Она зажгла свечи у камина, и они посидели немного в этой умиротворяющей тишине.

Наконец он сказал:

- Дядя Джим ведь не видел этот дом?

- Нет, он умер еще до того, как я его арендовала, - но если бы он здесь побывал, непременно полюбил бы Менабилли.

- Знаешь, что он имел обыкновение приезжать в Фоуи на праздники? Возможно, шел по берегу моря и наткнулся на Менабилли, совсем как ты.

- Жаль, что я его не спросила, - сказала Дафна.

- Мы все хотели бы его о многом порасспросить, - сказал Питер. - Но это не принято в семействе Дюморье.
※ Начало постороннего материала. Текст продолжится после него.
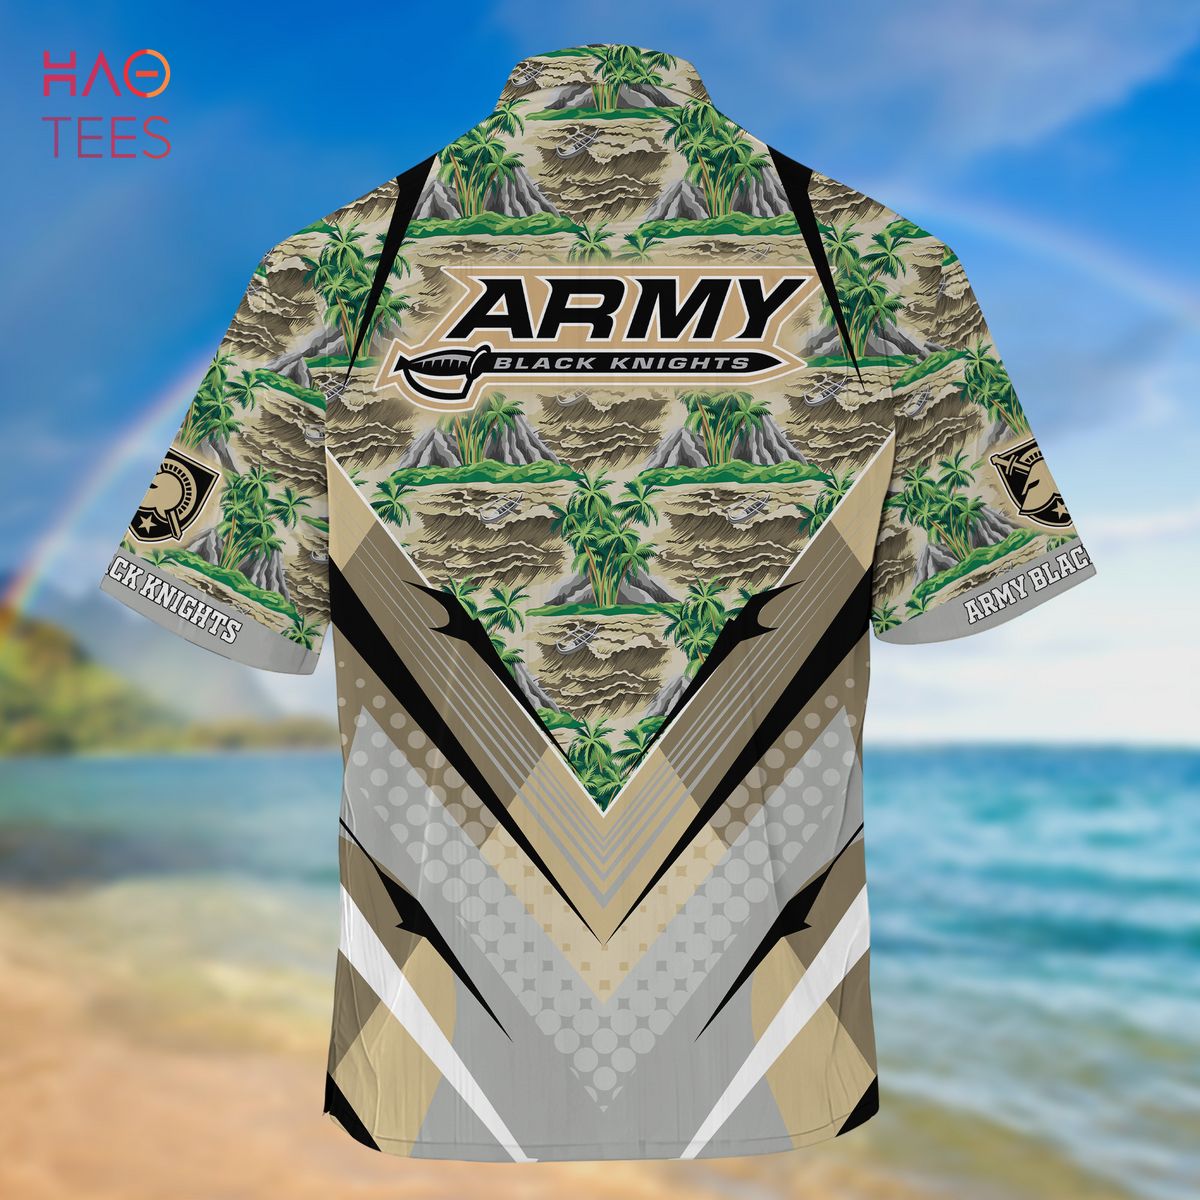 [TRENDING] Army Black Knights Summer Hawaiian Shirt And Shorts, For Sports Fans This Season

Ничего не спрашивать, только наблюдать и улыбаться…

Дафна встала и, проходя мимо Питера к пианино, дотронулась кончиками пальцев до его губ: прикосновение было легким и быстрым, словно крылышком мотылька. Он закрыл глаза и откинулся назад в своем кресле. Окна были открыты, шторы не опущены - холодный ночной воздух проникал в комнату, и Дафну пробрала дрожь. Она очень негромко сыграла "Clair de la Lune", а завитки сигаретного дыма, переплетаясь, поднимались к потолку.

Питер уехал на следующий день рано утром, еще до того как Дафна спустилась к завтраку. Он подсунул записку под дверь спальни, но, когда она проснулась и прочитала ее, его уже не было.

"Дражайшая Д., - написал он, - желаю тебе мужества, что бы тебя ни ждало впереди. Извини меня за поспешный отъезд, но дела в офисе не терпят отлагательств, да и Вам с Томми надо побыть друг с другом в тишине и спокойствии…"

Однако дом вскоре был уже полон. Первой приехала Тесса с мужем, детьми и большим количеством багажа - непонятно, как они все втиснулись в машину, - а затем на поезде - Флавия с мужем и Китсом.

- Как мило, - сказала Дафна за чаем, раздавая куски вишневого пирога, - что мы снова собрались здесь все вместе…

И в последующие дни Дафна постаралась забыться в хлопотах семейной жизни, отдаться ее приливам и отливам. Но она не могла побороть беспокойство: ведь Томми все время находился на грани - то готов был разрыдаться, то впасть в гнев, раздражительность или полную апатию. Ему не нравилось, когда его беспокоили внуки, дети Тессы - Мари-Терез двух с половиной лет и малыш Пол, которому минуло год и четыре месяца.

Дафна, насколько это было возможно, старалась выпроводить детей из дома - на морское побережье, где они плескались в лужах на скалах. Но часто случались грозы, неожиданные и внезапные ливни, заставлявшие всех поспешно ретироваться в дом. Дафну угнетало низко нависшее небо, облака синюшного цвета, хотя она постоянно улыбалась, изо всех сил старалась быть приветливой. В присутствии Томми она не упоминала об их серебряной свадьбе, празднование которой должно было состояться в прошлом месяце, но так и не состоялось, не вспоминала она и о времени, проведенном им в больнице. Дафна приложила максимум усилий, чтобы объяснить Флавии и Тессе, что произошло с их отцом, но так и не смогла заставить себя произнести "душевная болезнь" или "кризис", поэтому повторяла им обеим одно и то же: "нервное истощение". И всячески старалась избегать каких-либо упоминаний о Снежной Королеве, пыталась заставить себя не думать об этой женщине, по крайней мере здесь, в Менабилли…

Что касается Китса, он был еще очень юн, только шестнадцать исполнилось, и, несмотря на налет искушенности, вынесенный им из Итона, Дафна безумно любила в нем детское простодушие, светящееся в его глазах, неуемный оптимизм и способность видеть во всем и всех только самое лучшее. Он напоминал ей Нико, младшего брата Питера, которому, кажется, удалось стойко перенести смерть обоих родителей и который был слишком молод для армии в Первую мировую войну. Не окопный ли опыт, размышляла Дафна, внес меланхолическую нотку в мироощущение Томми и Питера? Без сомнения, Томми был отважен: уже в девятнадцать он получил боевой орден за храбрость, но по-прежнему просыпался ночью, выкрикивал какие-то неразборчивые слова, а утром, когда она спрашивала, что он видел во сне, отвечал: "Всегда один и тот же кошмар: трупы в грязи, крысы и пронзительные крики…" А может быть, не только война была тому виной, но и фамильная меланхолия Дюморье, охватывавшая временами Питера, да и Дафну тоже, - возможно, и Томми заразился ею от жены, хотя их сын пока счастливо избегал этого.